_Activity_:
From the records below, copy out exactly the lines from the one containing "Mercedes E240 For" to the one containing "South Florida Neighborhoods", both included. Add nothing else.

_Material for this exercise_:
————
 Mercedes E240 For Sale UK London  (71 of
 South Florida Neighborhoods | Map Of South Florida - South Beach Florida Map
————
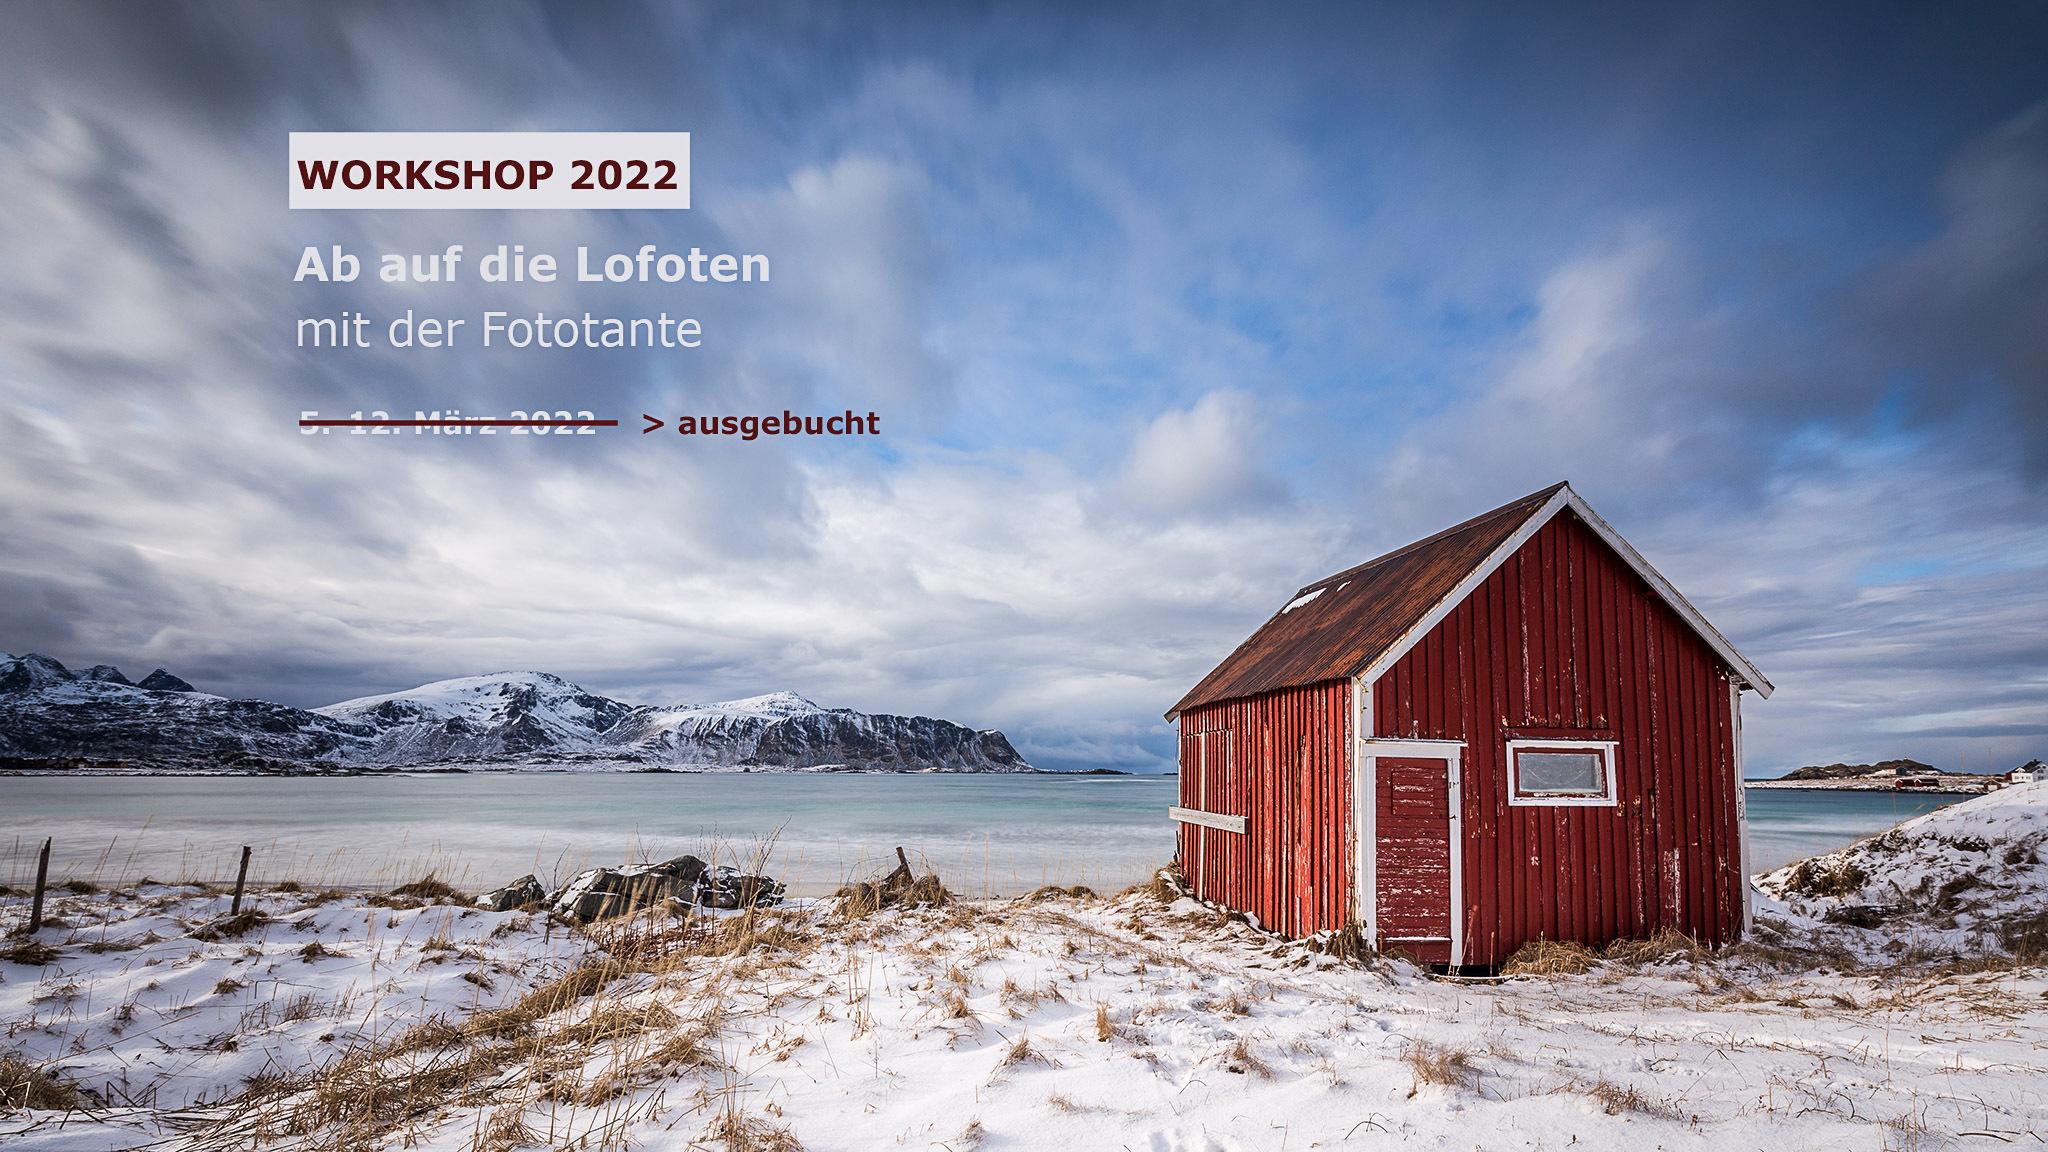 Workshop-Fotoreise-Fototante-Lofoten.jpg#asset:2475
————
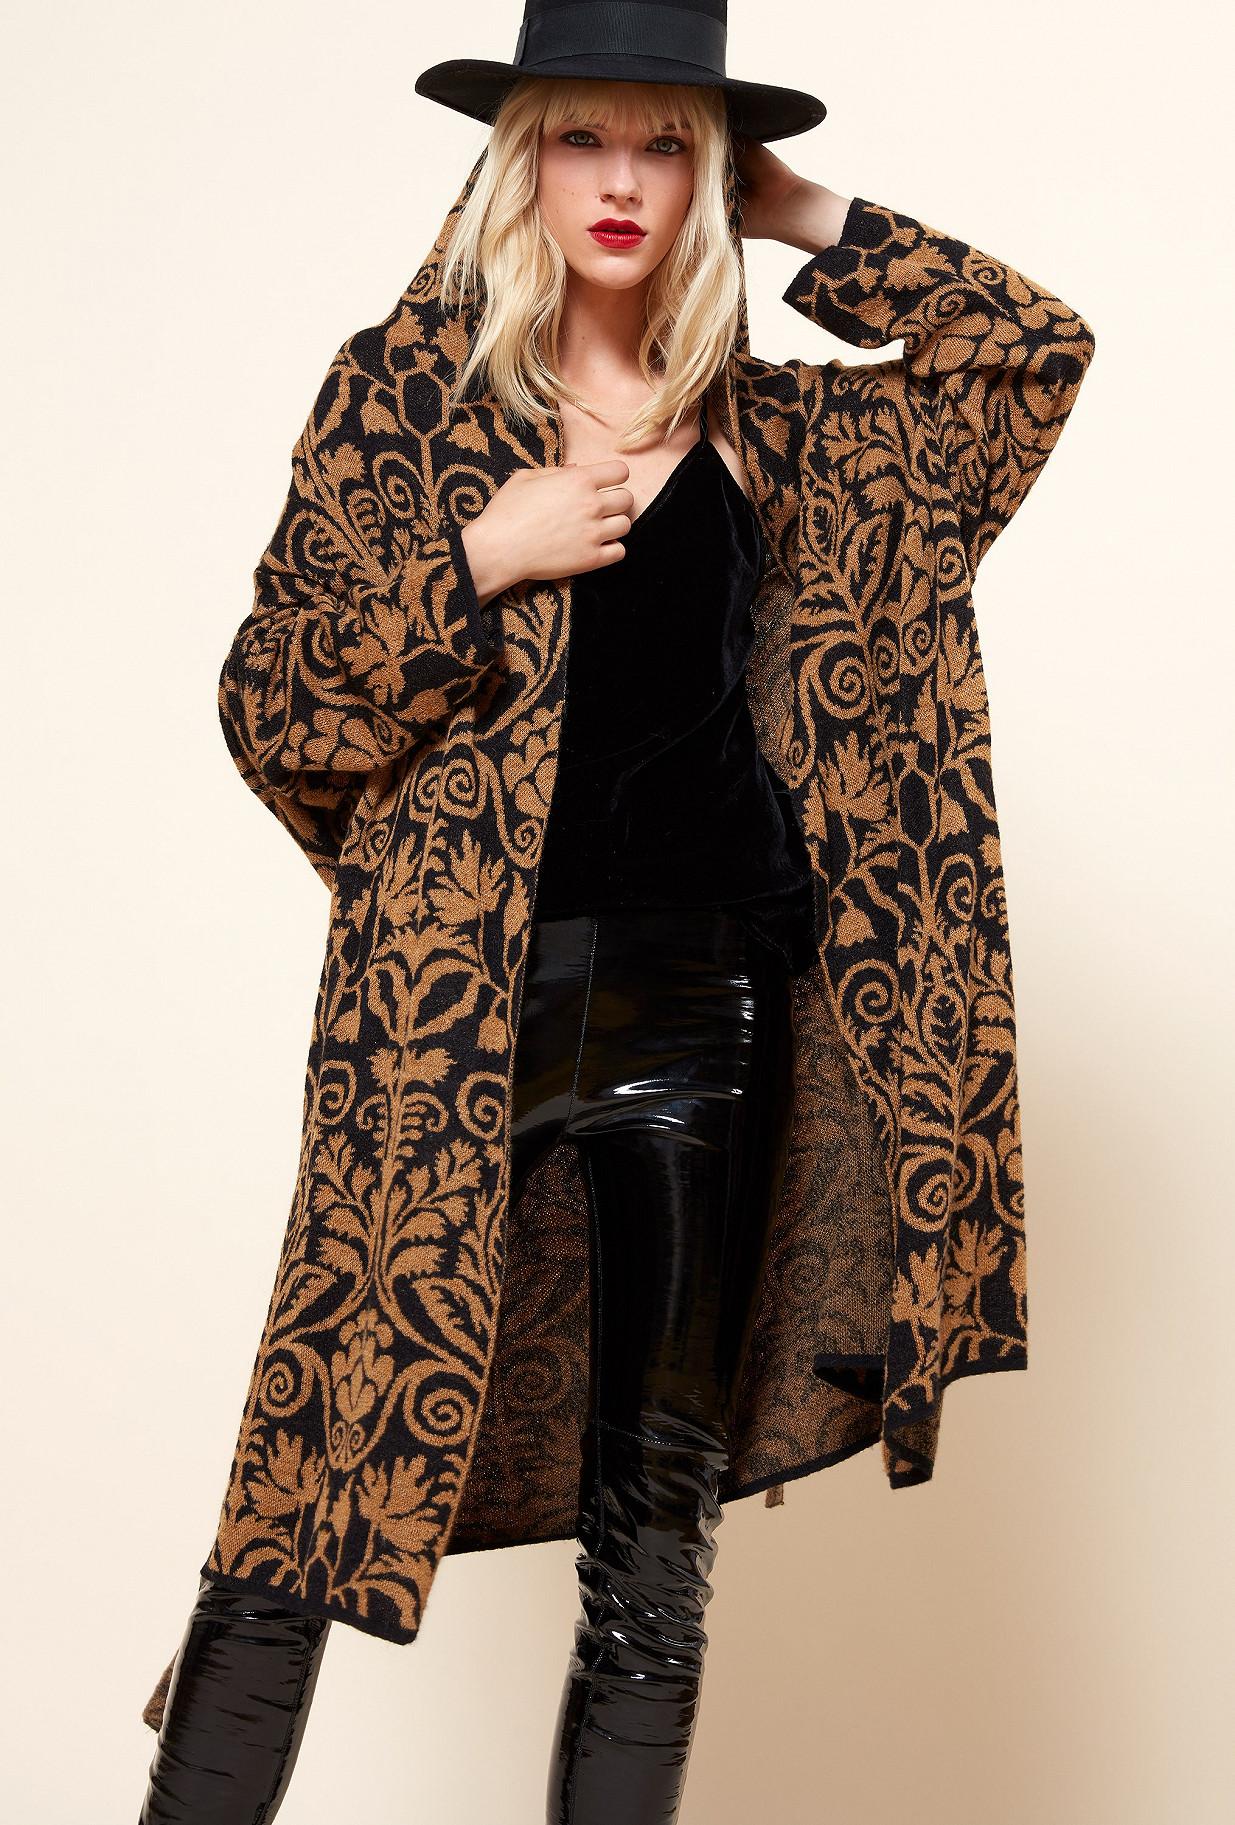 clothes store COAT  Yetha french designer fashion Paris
————
_Problem solution_:
 Mercedes E240 For Sale UK London  (71 of
 South Florida Neighborhoods | Map Of South Florida - South Beach Florida Map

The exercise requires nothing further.